Los empleados desisten de su protesta al empeorar su estado de salud

Los tres trabadores de Povisa que permanecían en huelga de hambre desde el 10 de marzo han abandonado hoy esta medida de protesta, después de que los médicos que los atienden les alertasen del progresivo empeoramiento de su estado de salud. Las reivindicaciones del colectivo seguirán para exigir a la empresa que readmita a los 13 despedidos.

Las últimas analíticas realizadas a los huelguistas reflejaron el acelerado debilitamiento de la presidenta del comité de empresa, una delegada de la CIG y uno de los empleados despedidos que seguían en huelga, después de que uno de los cuatro que comenzaron con la protesta la abandonase a los pocos días. Ante la advertencia de posibles secuelas físicas de continuar sin ingerir alimentos, la asamblea de trabajadores y el comité de empresa les solicitaron que cesasen cuanto antes con la huelga de hambre.

Las movilizaciones continuarán no obstante para exigir al hospital público, que renovó el pasado septiembre un concierto con el Sergas por el que recibirá en torno a 700 millones de euros en 10 años, que readmita a los 13 empleados a los que puso en la calle en febrero, solo una semana después de que tuviese que desistir de un Expediente de Regulación de Empleo que le iba a costar su puesto de trabajo a 56 personas.

El fin de la huelga de hambre coincide con la reunión de este lunes de la dirección del hospital vigués con la delegada de la Xunta en Vigo, María José Bravo Bosch, quien se ha desentendido de cualquier responsabilidad que no sea la de ejercer de autoridad laboral. Povisa es el hospital de referencia para más de 130.000 personas del área de Vigo, condición que mantendrá al menos hasta 2024 pese a la inminente inauguración del nuevo hospital.

El comité de empresa ha tachado de “paripé” la reunión con la dirección del centro de Bosch, quien ha reducido el conflicto a “una relación de una empresa con sus trabajadores”. La delegada de la Xunta ha adelantado que el Sergas no actuará, ya que según su criterio el Gobierno gallego solo puede actuar como autoridad laboral. “La Xunta ni puede imponer ni hacer nada más que tener el papel de mediador entre unas partes que tienen una relación privada entre ellos”, ha manifestado.

Bosch ha rechazado las denuncias sobre la merma en la calidad asistencial que reciben los usuarios de la sanidad pública adscritos a Povisa debido a los recortes de personal y a las modificaciones de jornada.

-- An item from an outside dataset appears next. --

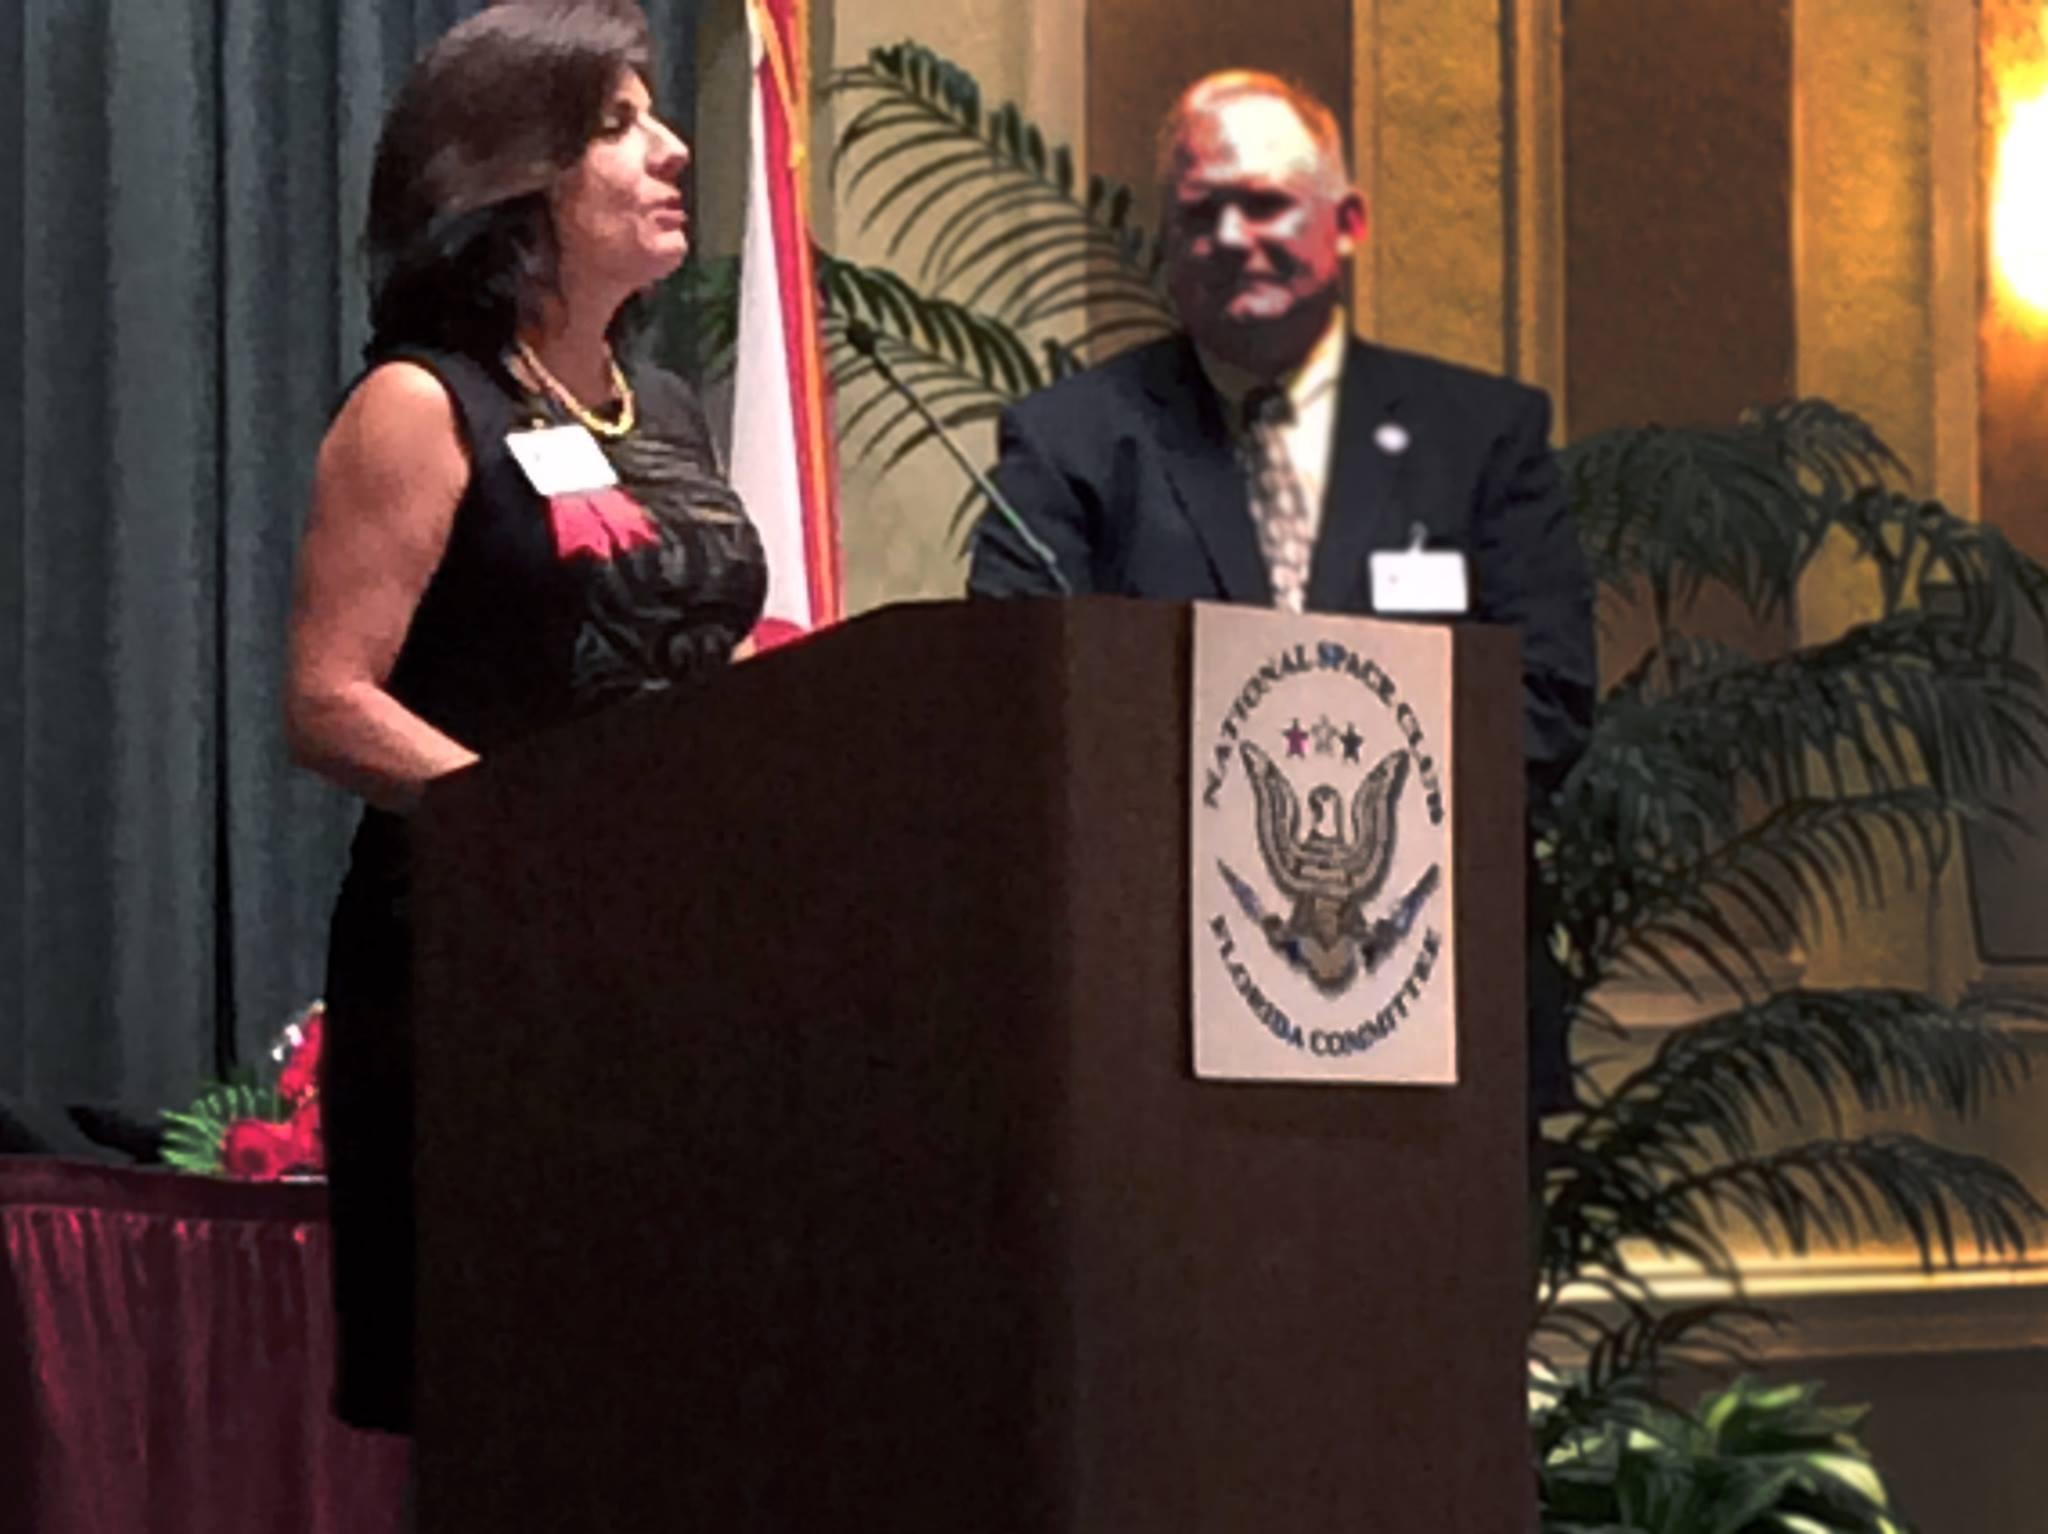 FPRA Member, Andrea Farmer, Receives 2013 Harry Kolcum Communications & News Award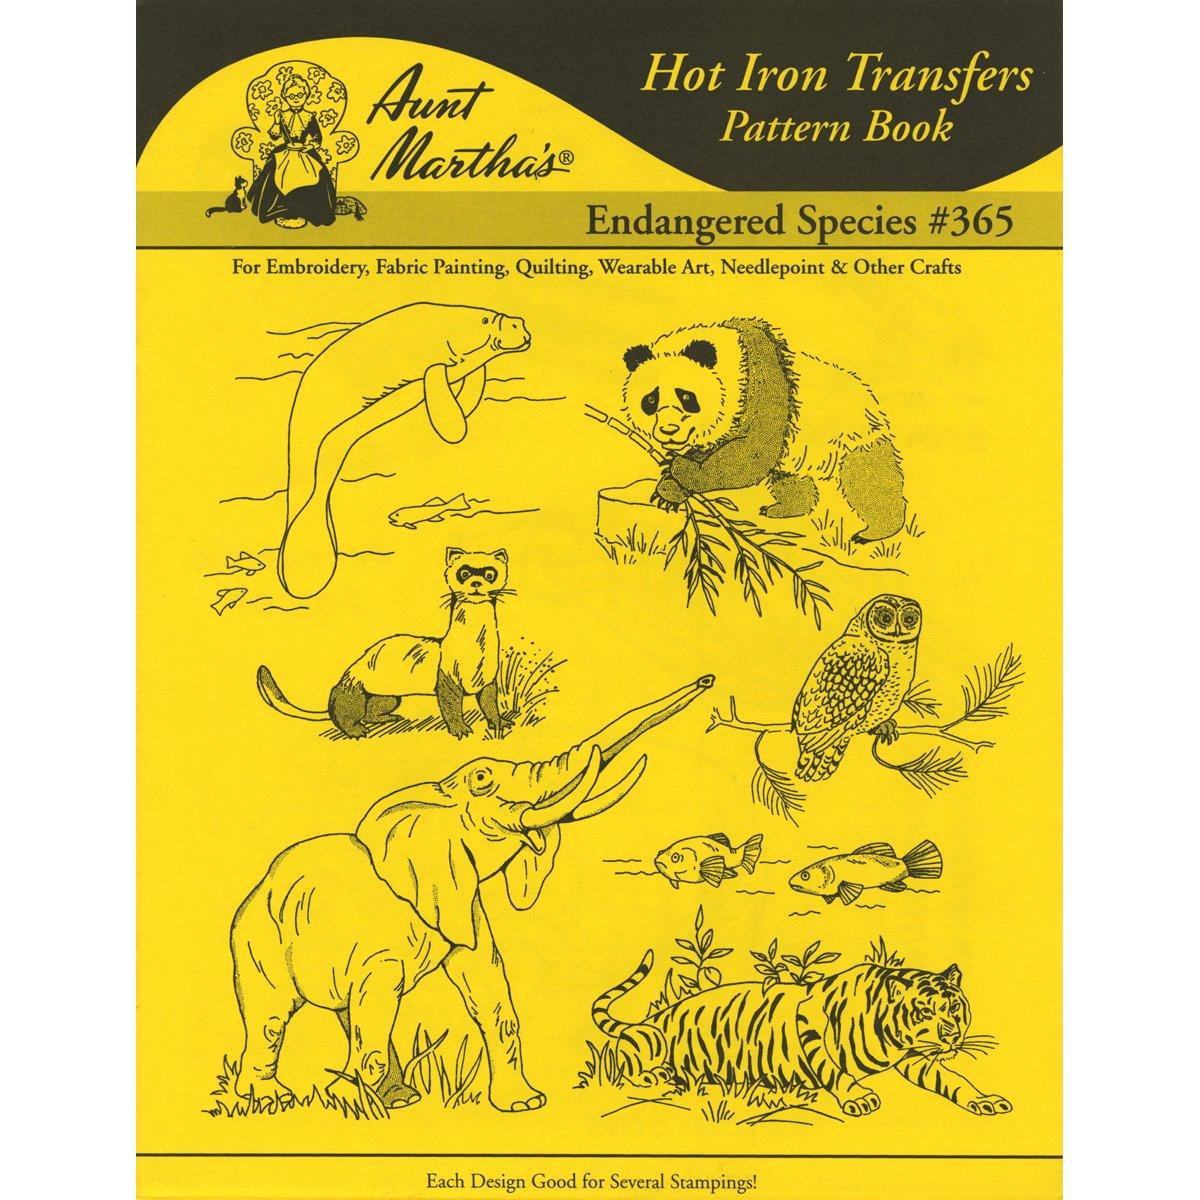 Aunt Marthas Iron on Transfer Books Endangered Species

La delegada ha asegurado que existe una “auditoría tremendamente exhaustiva” realizada por una inspectora del Sergas “con fama de dura”, en la que se constata que dicha calidad asistencial “es buena”.

Los representantes de los trabajadores mantienen en cambio que los últimos 13 despidos, que elevan a 60 el número de los que han perdido su empleo en Povisa en los últimos cuatro años, han provocado un notable deterioro de la asistencia. “En el archivo no para de acumularse trabajo, y planta y quirófanos están prácticamente sin celadores”, denuncia la presidenta del comité, Chus Neira. “Es una situación caótica para los pacientes y un constante trastorno para los trabajadores, que tienen que ir de un sitio para otro para atender a los usuarios”, lamenta Neira.

Además de los despidos, la dirección del hospital modificó el turno laboral de otros 16 celadores y siete auxiliares, con el objetivo de “adaptar las funciones del personal a su capacitación profesional y los turnos a la creciente demanda de jornadas reducidas por guarda legal”.